We're preparing to migrate writr's markdown engine from JS (unified/remark/rehype) to native Rust. That migration is only safe if we can prove the new engine produces the same HTML as today's engine across a large, diverse body of real markdown. The repo previously had ~25 ad-hoc fixtures and no snapshot testing — not enough to catch regressions across the 12 markdown features writr supports.

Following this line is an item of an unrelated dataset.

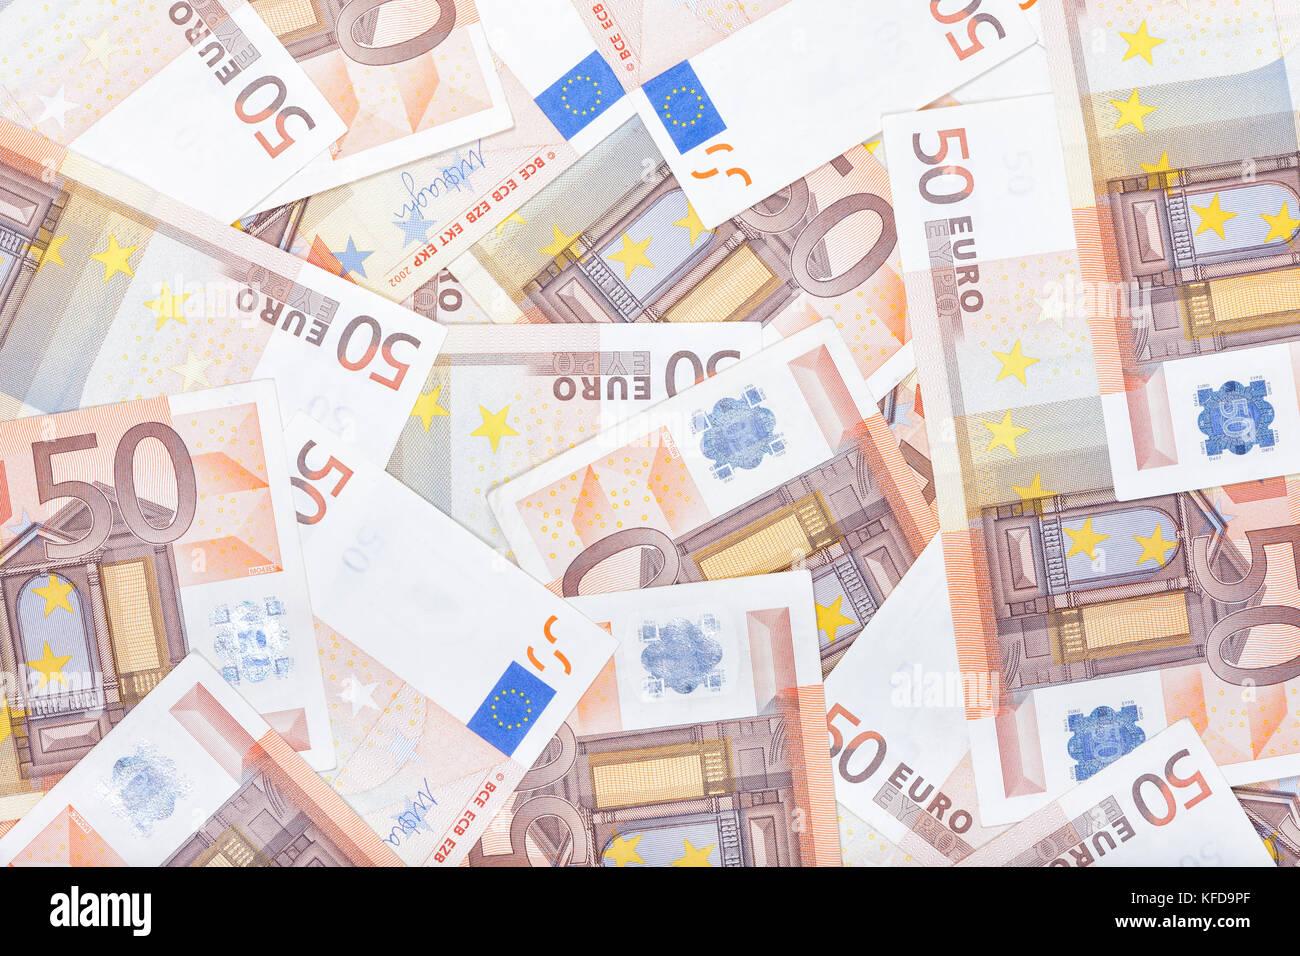 Money texture  Euros Stock Photo: 164406215 - Alamy

This PR adds a golden-snapshot harness: the current JS engine's output is the source of truth. We fetch a diverse corpus, render every example with today's engine, and commit the HTML as goldens. A future Rust engine plugs in behind the same adapter interface and must reproduce the goldens (with a reviewed allowlist for intentional diffs).

What's included

  • Corpus fetcher (test/harness/fetch/) — reproducible, pinned public sources: CommonMark spec, GFM spec, markdown-it fixtures, every public github.com/jaredwray/* repo (they all consume writr), and permissively-licensed docs. Raw payloads are cached and committed for offline replay. 1000 unique documents (incl. 339 from all jaredwray repos), each with provenance (source, license, attribution, sha256) in corpus/manifest.json.
  • Render profiles (profiles.ts) — default, commonmark, gfm-only, no-highlight, no-math, rawhtml, mdx. Failures isolate to a feature, and no-highlight/no-math let the Rust engine pass core contracts before achieving highlight.js/KaTeX parity. CommonMark/GFM examples also render under rawhtml so raw-HTML inputs (correctly stripped to empty under the default rawHtml:false) still get a non-empty golden pinning the passthrough.
  • Per-feature diagnostic suites (diagnostics/) — hand-authored tiny examples for every plugin (gfm tables/alerts/tasklists/strikethrough/autolinks, emoji, toc, slug, highlight, math, mdx, raw html, frontmatter, commonmark core) so a failure pinpoints the exact feature.
  • Pluggable RenderAdapter — current engine is WritrJsAdapter; a future WritrRustAdapter is selected via HARNESS_ENGINE and checked against the same JS-generated goldens. allowlist.json (engine-keyed) records reviewed intentional divergences.
  • Golden generator — forces caching:false, asserts renderSync == render, surfaces genuine engine errors via Writr's emitted error event (a legitimately-empty render is a valid golden), and records resolved plugin versions in versions.json for drift auditing.
  • Vitest runner — reports first-divergence index/line/col with context instead of a giant diff.

Results

  • 2041 goldens generated, 2041 harness tests pass, zero render errors across the full corpus.
  • golden:check is clean (no drift); pnpm build and pnpm test are unaffected (100% coverage) — the harness is excluded from the default run via vitest.harness.config.ts + a vitest.config.ts exclude, mirroring the existing integration-test pattern.

New scripts

pnpm corpus:fetch          # fetch/refresh the corpus (online; caches raw payloads)
pnpm corpus:fetch:offline  # rebuild from committed cache only (no network)
pnpm golden:generate       # render corpus + diagnostics, write goldens + versions.json
pnpm golden:check          # CI gate: verify goldens still match the current engine
pnpm test:harness          # run the Vitest runner against committed goldens

Notes

  • The corpus is exactly 1000 unique documents (the cap). The stratified round-robin prioritises the jaredwray consumer markdown; CommonMark/GFM/markdown-it are overlapping spec suites, so global dedupe collapses byte-identical examples rather than padding with near-duplicates.
  • No credentials are committed: cached API payloads are public repo metadata and the manifest stores only raw CDN URLs (verified). The ghp_ strings present in the corpus are ghp_yourtoken placeholders inside jaredwray's own token documentation.
  • See test/harness/README.md for the full workflow and how to wire the Rust adapter (HARNESS_ENGINE=writr-rust).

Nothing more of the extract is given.